Embrace the “Power of Three” in Content Marketing

Ever since I learned my ABC’s, I have been aware of the beauty, power and symmetry of “the number three” in communications. Many things in life resolve to three. Think of popular culture. Three Little Pigs, Three Blind Mice, Three Stooges, etc. According to Pythagoras and the Pythagorean school, the number three, which they called triad, is the noblest of all digits. In mathematics the triangle has three sides. Cartesian coordinates are x, y, and z. You can probably recite the top three car rental market leaders – Hertz, Avis and Enterprise. You might be able to recall a few other companies, but you have to work to make them top of mind. A story has a beginning, middle and end. And so on. You get the idea.

The brain finds it relatively easy to grasp threes. When I worked in advertising, we always tried to distill our ideas down to three creative concepts. A conservative approach, middle of the road one, and a way-out-there one to push the envelope. Clients appreciated the ability to make a choice, but too many choices made it too hard for them. Four (or more) was too many, and two was too few ( it looked like we hadn’t put much work into the creative exercise). This three idea approach also had an added benefit of helping to gauge how traditional or risky the client was in their tastes without committing totally to one idea.

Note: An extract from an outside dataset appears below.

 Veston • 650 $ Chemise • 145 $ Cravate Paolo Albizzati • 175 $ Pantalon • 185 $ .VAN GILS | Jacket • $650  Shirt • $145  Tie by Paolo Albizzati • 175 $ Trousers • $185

This thought was reinforced the other day when I attended an excellent webinar sponsored by ShopVisible entitled “Advancing your SEO” (three words, btw). The seminar was about the basics of SEO. But really what caught my attention was the content of the webinar went through the three pillars of SEO – Content, Architecture, and Links. So easy to remember, so easy to communicate. The webinar was thirty minutes long, neatly divided into three, ten minute segments. I love thirty minute meetings. They really force you to get to the point fast. Associating the content into these three sections helped me to visualize every point underneath in a way I could not otherwise have done. Had it been seven pillars I would never have remembered them all.

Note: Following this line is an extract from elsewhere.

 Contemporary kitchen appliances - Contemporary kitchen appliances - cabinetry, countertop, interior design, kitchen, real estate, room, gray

Memory research supports this premise. From Clara Moskowitz, writing on LiveScience.com

“Early research found the working memory cut-off to be about seven items, which is perhaps why telephone numbers are seven digits long Now scientists think the true capacity is lower when people are not allowed to use tricks like repeating items over and over or grouping items together. ‘For example, when we present phone numbers, we present them in groups of three and four, which helps us to remember the list,’ said University of Missouri-Columbia psychologist Nelson Cowan, who co-led the study with colleagues Jeff Rouder and Richard Morey. ‘That inflates the estimate. We believe we’re approaching the estimate that you get when you cannot group. There is some controversy over what the real limit is, but more and more I’ve found people are accepting this kind of limit.’ “

There is a common technique on the web to provide numeric list of things as a way of making them more appealing and compelling. Eleven Reasons Employees Resist Change. Ten Reasons Salespeople Lose Deals. Nine Reasons Not to Drink Soda. Eight Reasons to Get Married. Seven Reasons to Diversify a Workplace. Six Reasons Events in Mali Matter. Five Reasons Droids are Better than iPhones. Four Reasons Not to Drive a Small Car….. Feel free to Google, Bing or Yahoo them yourself.

I don’t know about you but I can’t remember eleven things. Nor do I want to. I would suggest to truly make your communications memorable and improve stickiness with your target markets, three’s the charm.